● Supplied entries:
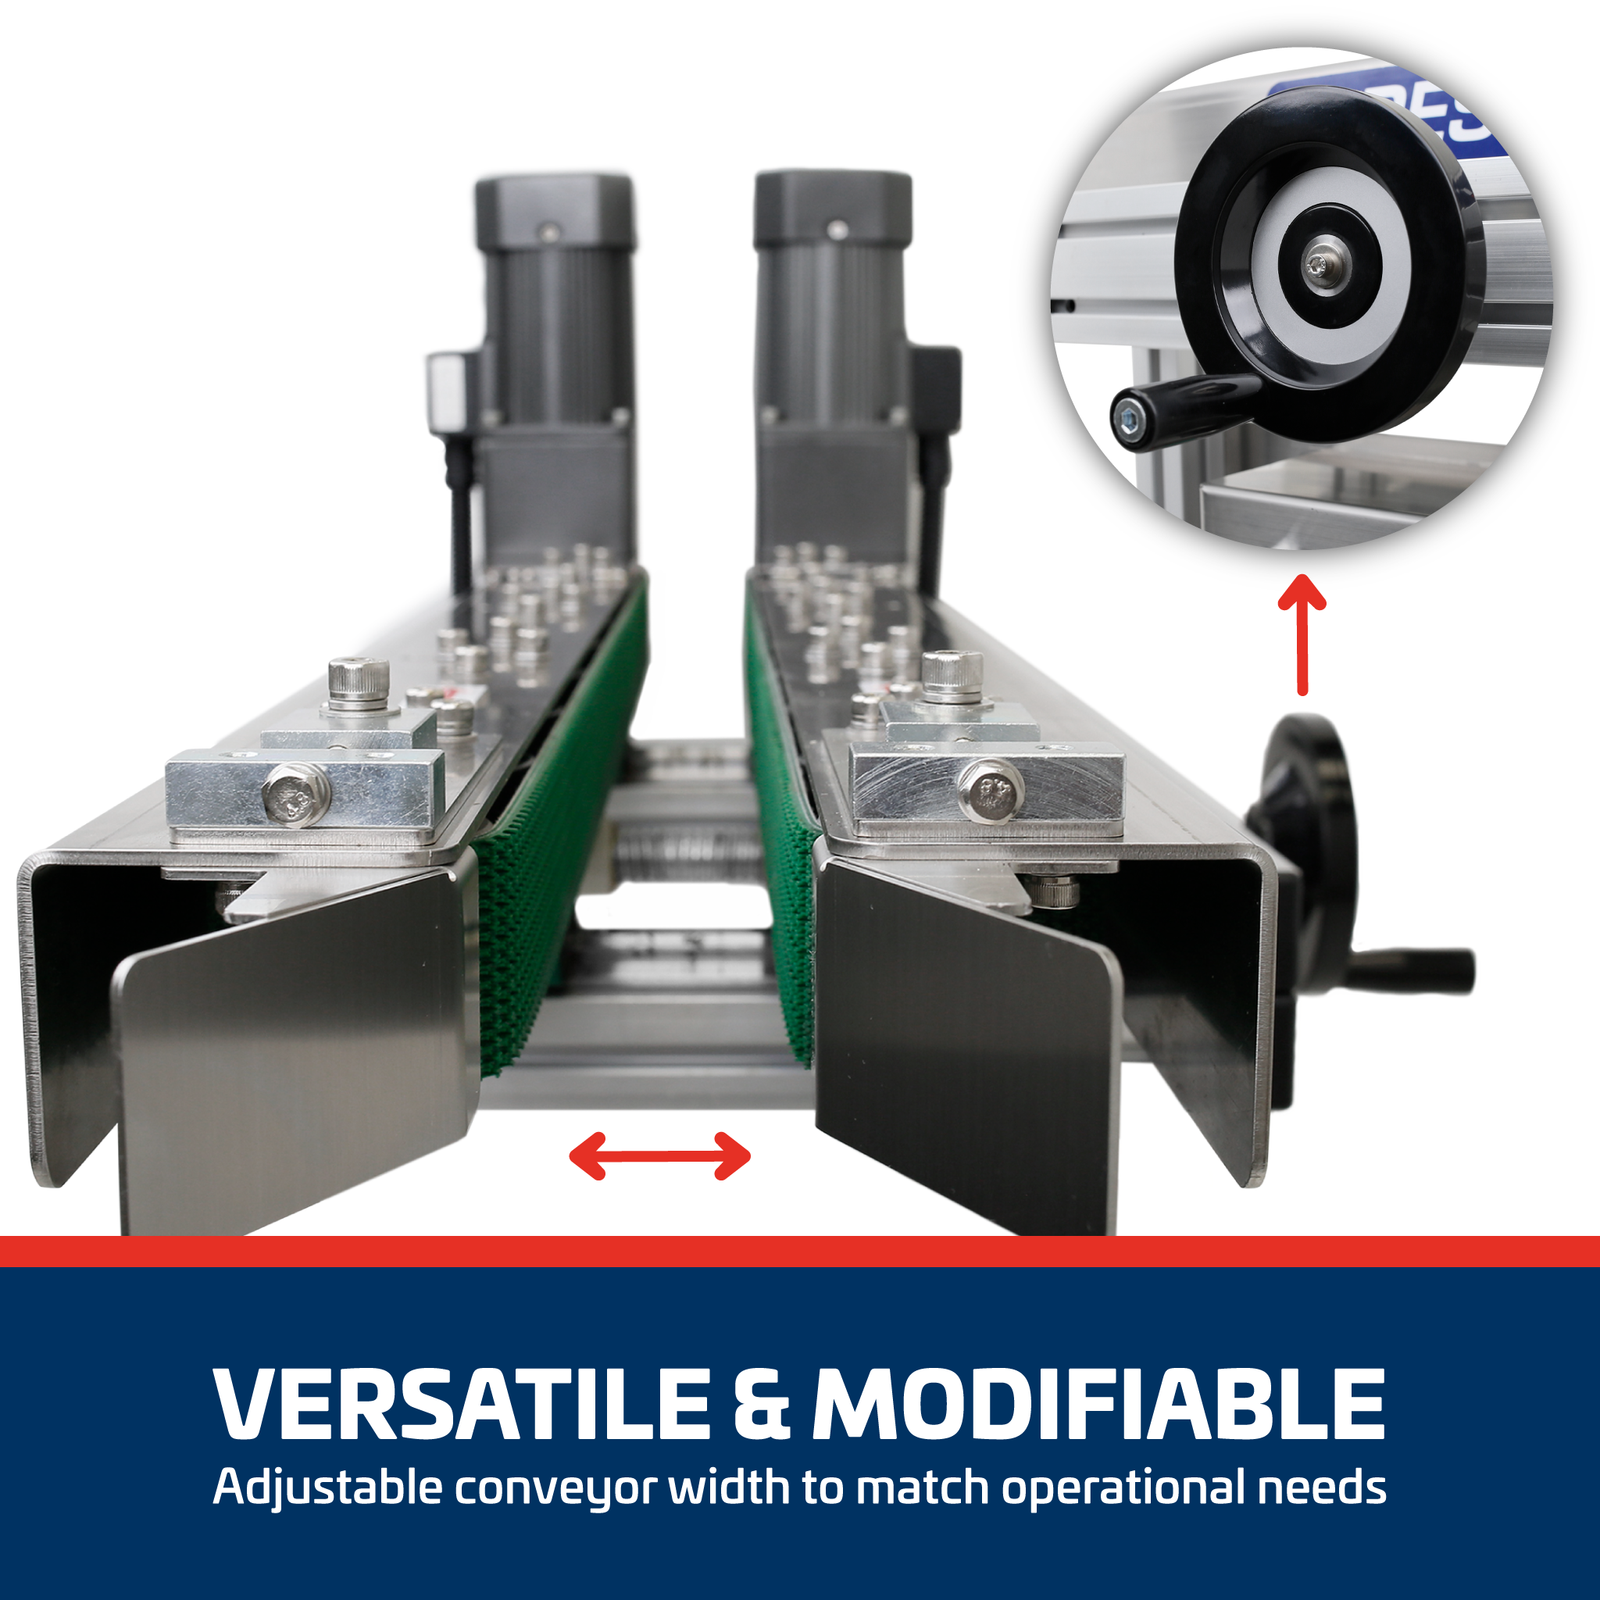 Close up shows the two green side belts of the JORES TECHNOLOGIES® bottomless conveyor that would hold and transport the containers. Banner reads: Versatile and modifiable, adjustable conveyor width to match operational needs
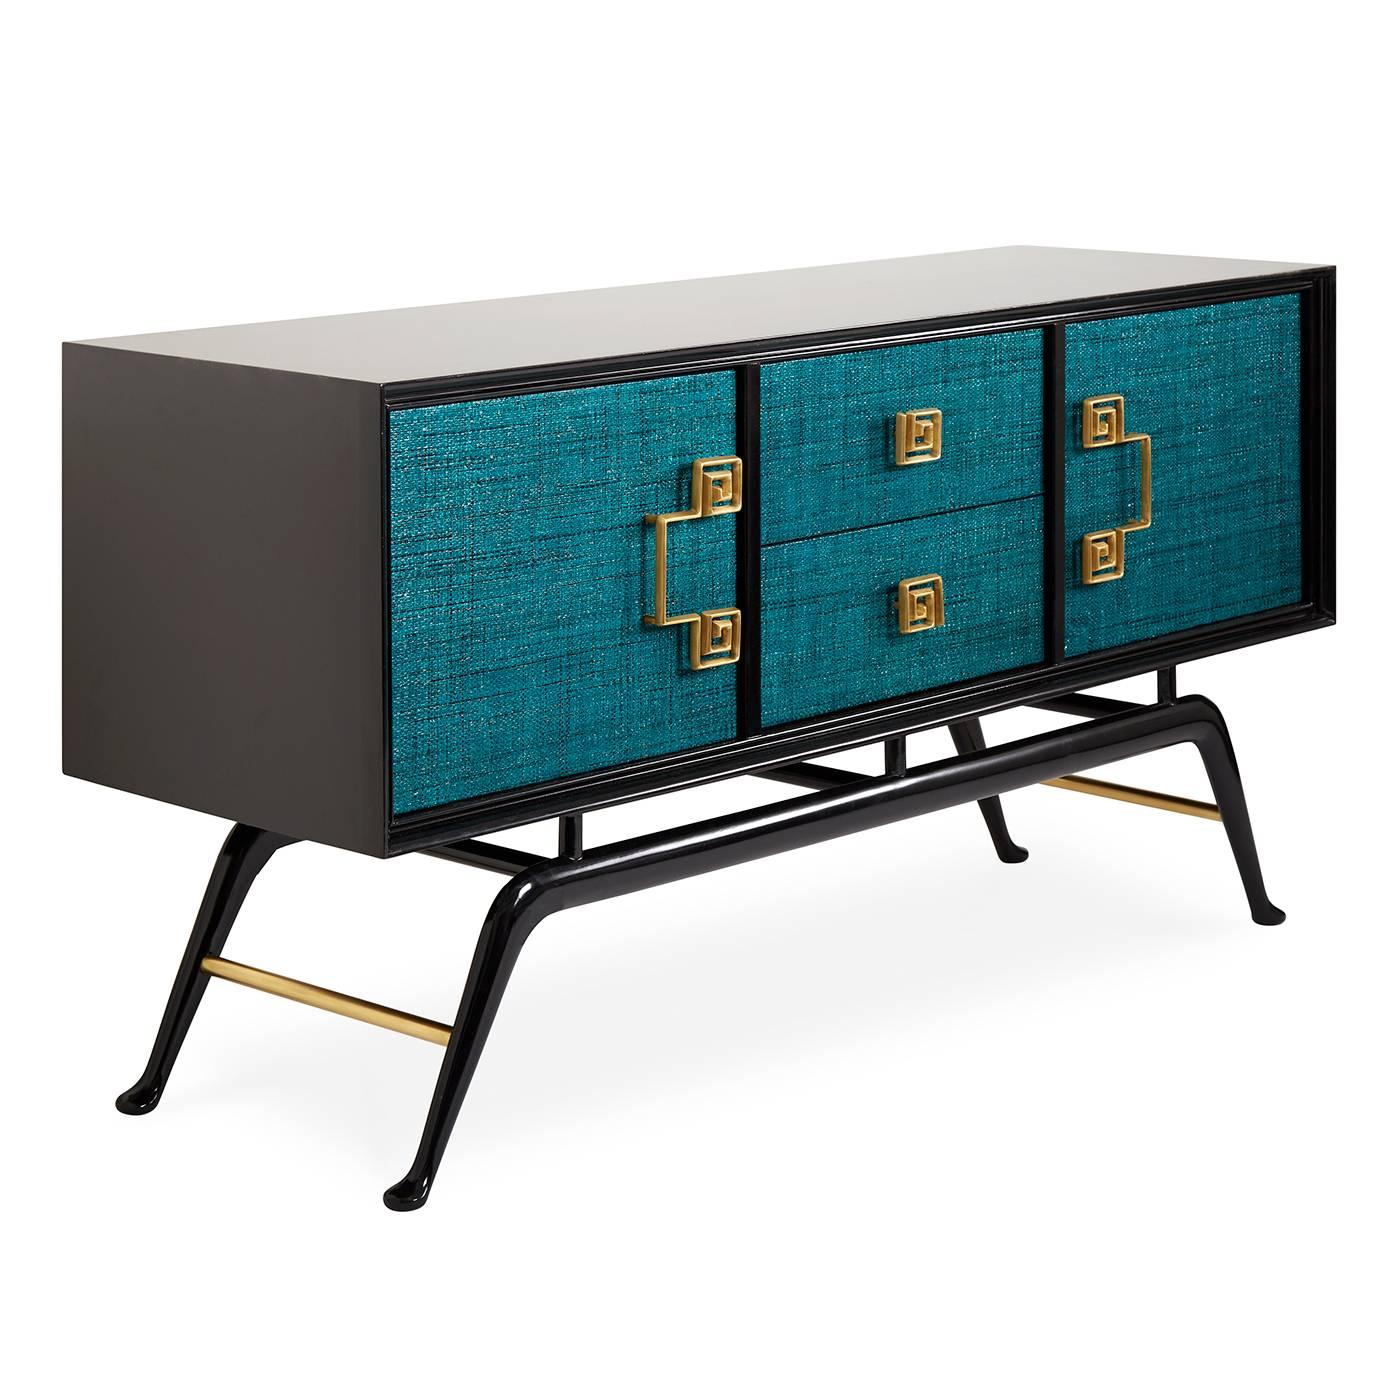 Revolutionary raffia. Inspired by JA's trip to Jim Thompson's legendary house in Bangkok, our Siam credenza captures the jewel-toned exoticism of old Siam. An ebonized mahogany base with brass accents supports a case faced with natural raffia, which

--

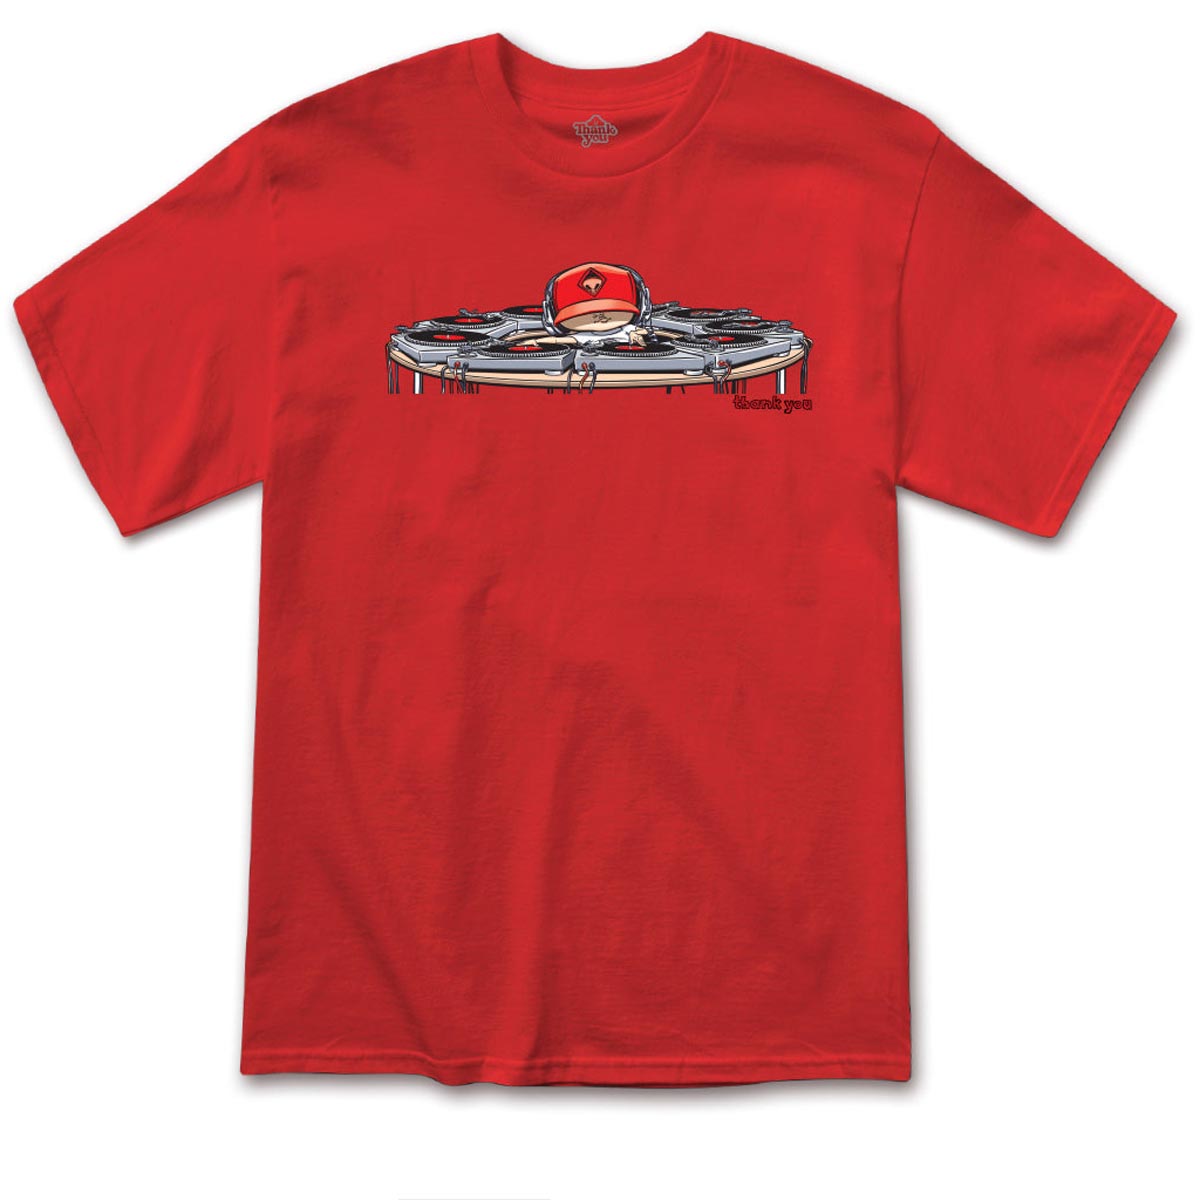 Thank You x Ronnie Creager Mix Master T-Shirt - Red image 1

● Description of the task:
Look back over the records above. Reproduce exactly everything from the line with "Close up shows" down to the line with "Revolutionary raffia. Inspired", inclusive, and leave the pictures out.

● Solution:
 Close up shows the two green side belts of the JORES TECHNOLOGIES® bottomless conveyor that would hold and transport the containers. Banner reads: Versatile and modifiable, adjustable conveyor width to match operational needs
 Revolutionary raffia. Inspired by JA's trip to Jim Thompson's legendary house in Bangkok, our Siam credenza captures the jewel-toned exoticism of old Siam. An ebonized mahogany base with brass accents supports a case faced with natural raffia, which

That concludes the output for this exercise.